Presidio-based PII detection guardrailThe PresidioEntityRecognitionGuardrail is built on Microsoft’s Presidio framework, combining regex rules with context-aware detection capabilities. This PII guardrail is more adaptable than regex alone and can recognize entities even when their format varies slightly. Here is the code: 
from safeguards.guardrails.entity_recognition import PresidioEntityRecognitionGuardrail
import weave; weave.init("guardrails-pii")
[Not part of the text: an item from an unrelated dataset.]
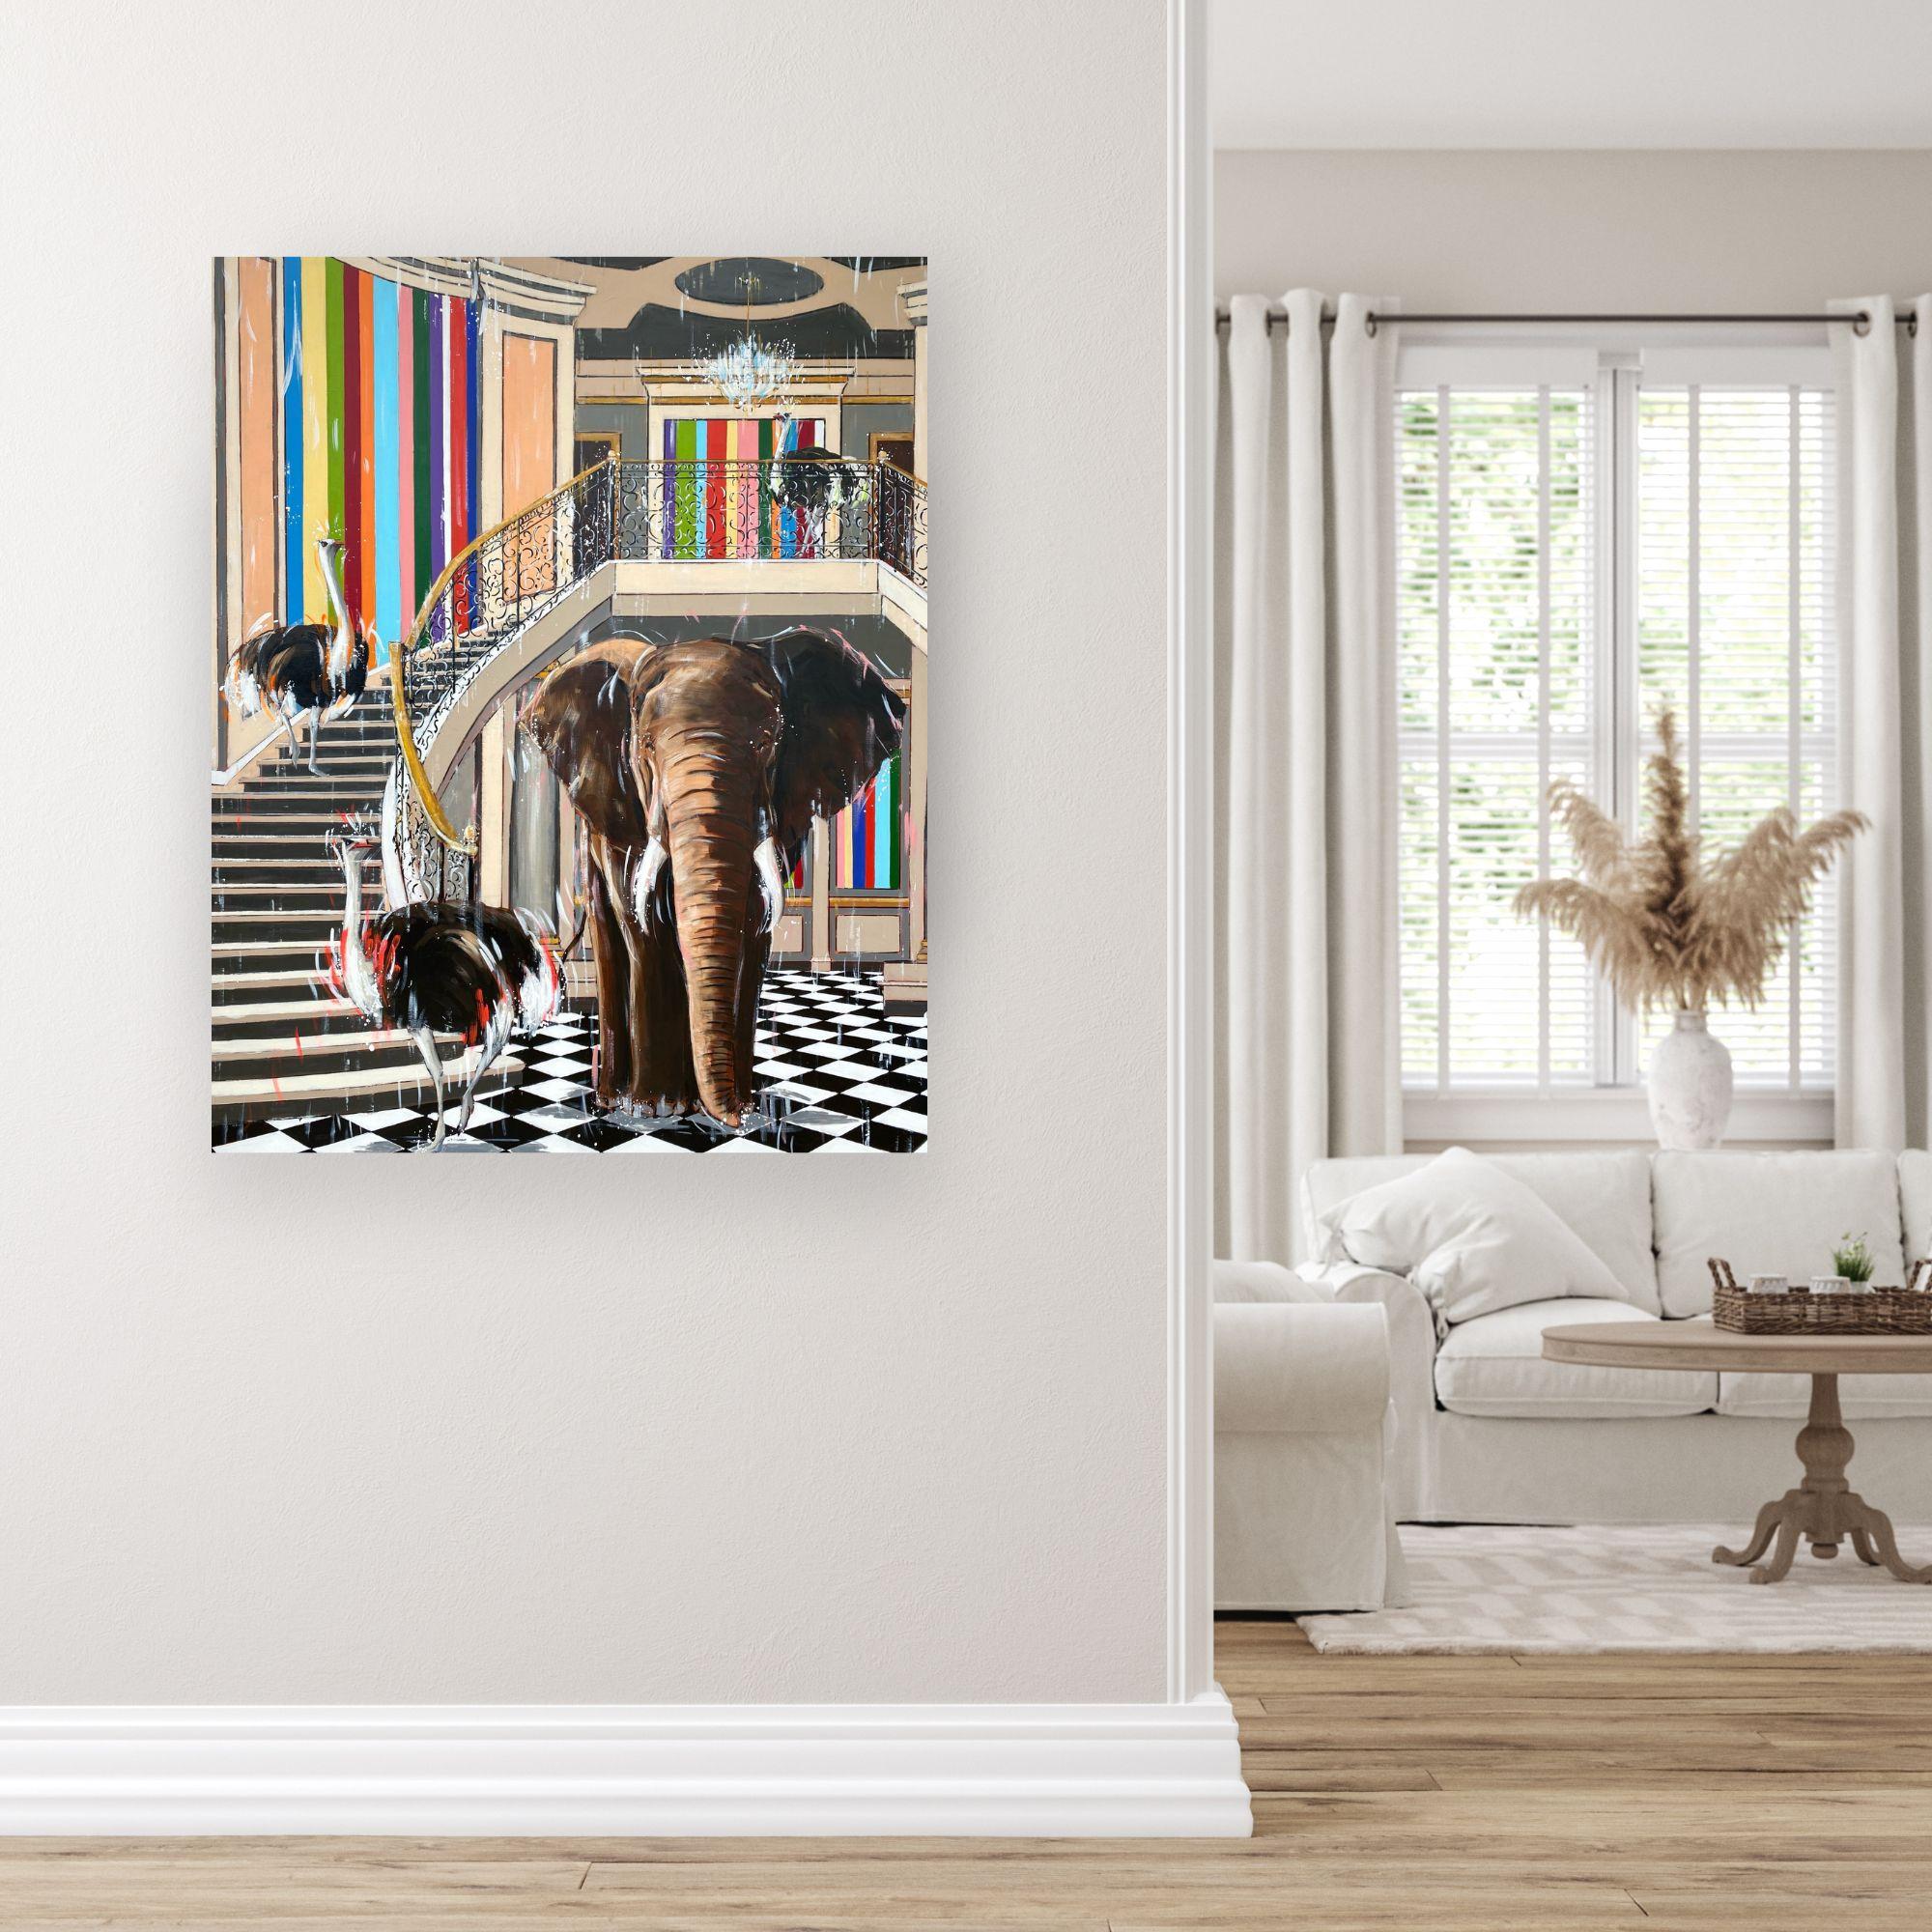 Serenisima-original wildlife surreal interior abstract painting-contemporary art For Sale 1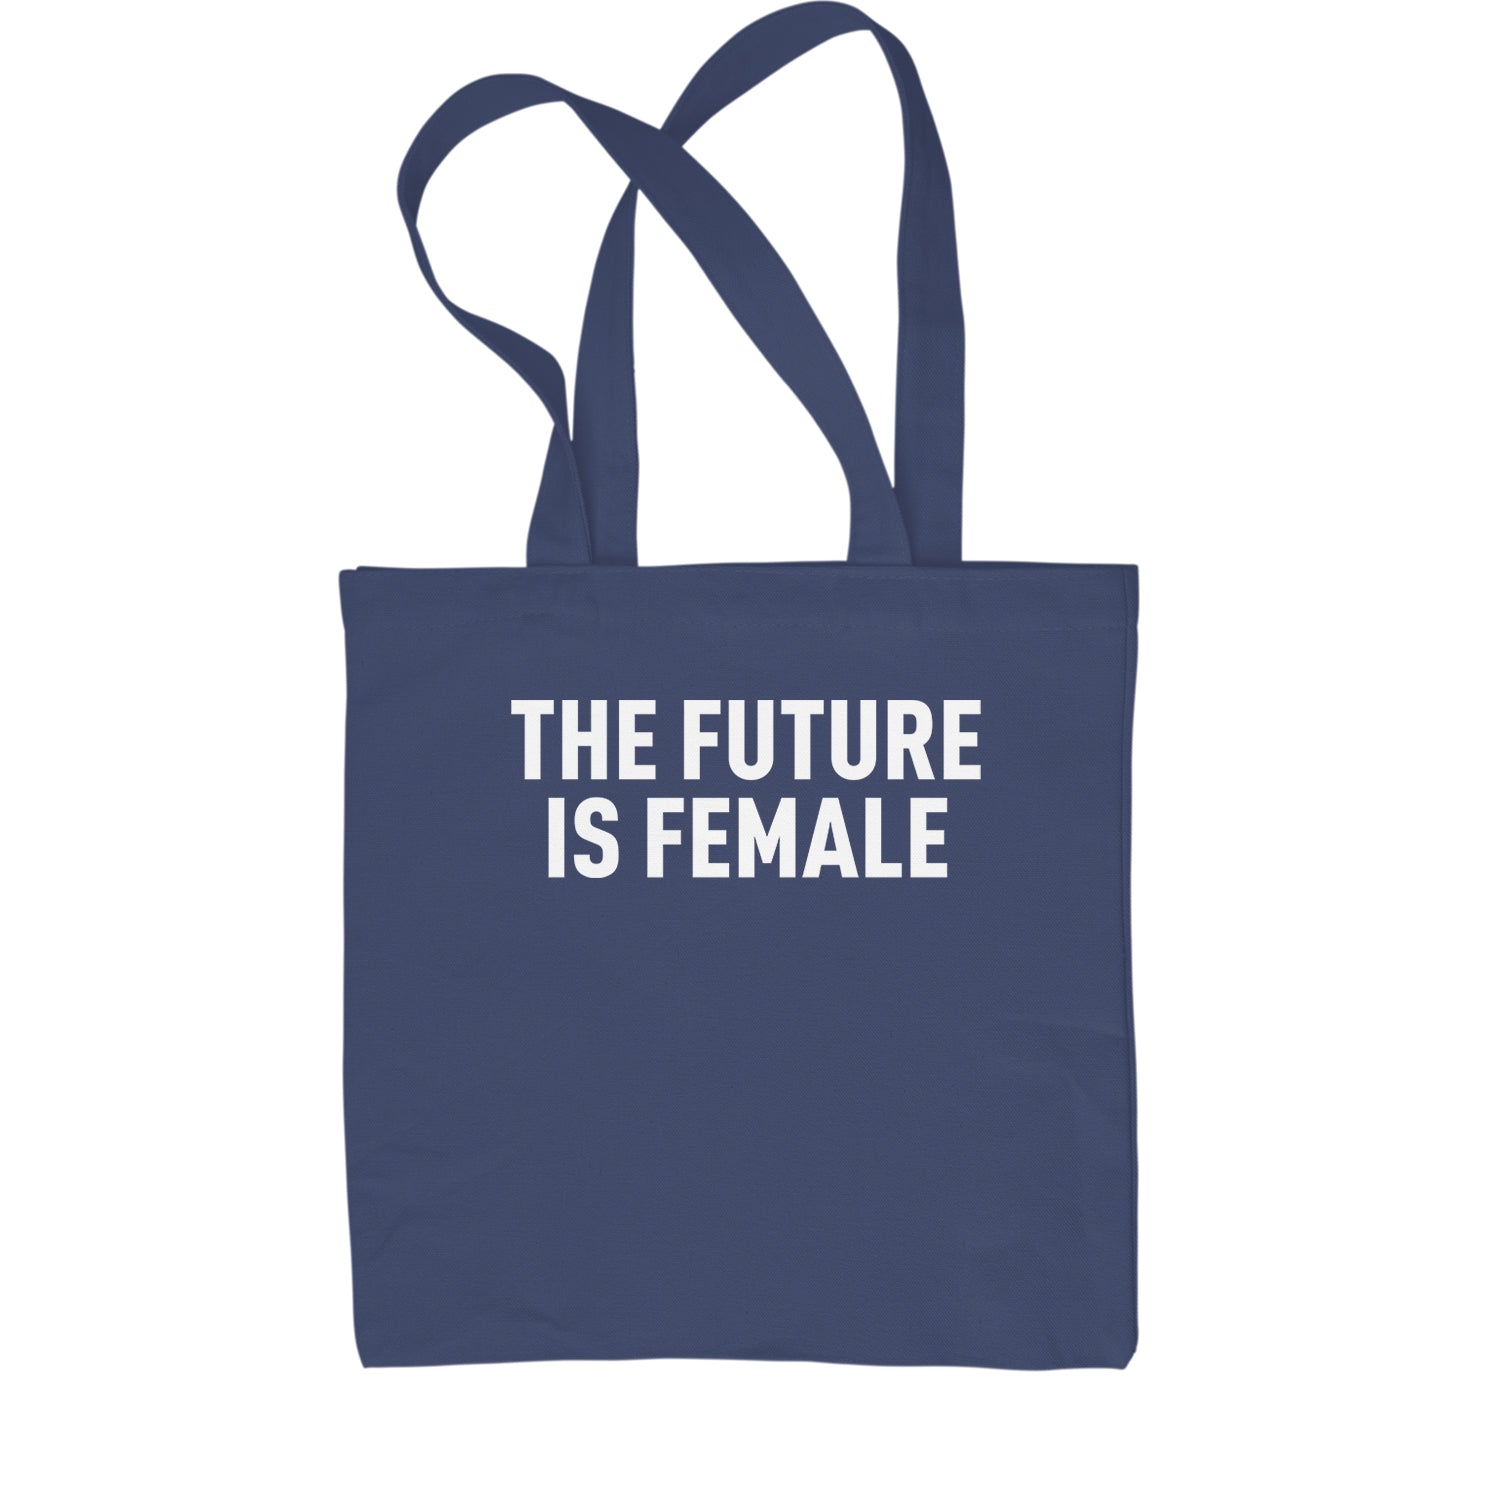 The Future Is Female Feminism Shopping Tote Bag female, feminism, feminist, femme, future, is, liberation, suffrage, the by Expression Tees

# Define hardcoded sample data
test_cases = [
    {
        "input_text": "Jane's email is jane.doe@gmail.com, and her phone is +1-800-555-1234.",
        "expected_entities": {
            "EMAIL_ADDRESS": ["jane.doe@gmail.com"],
            "PHONE_NUMBER": ["+1-800-555-1234"],
        },
    },
    {
        "input_text": "My passport number is A12345678, and I live in New York.",
        "expected_entities": {
            "US_PASSPORT": ["A12345678"],
            "LOCATION": ["New York"],
        },
    },
]
﻿
# Initialize the Presidio-based guardrail
presidio_guardrail = PresidioEntityRecognitionGuardrail(should_anonymize=True)
﻿
# Process each test case
for i, case in enumerate(test_cases, 1):
    try:
        # Use the `guard` method for PII detection
        result = presidio_guardrail.guard(case["input_text"])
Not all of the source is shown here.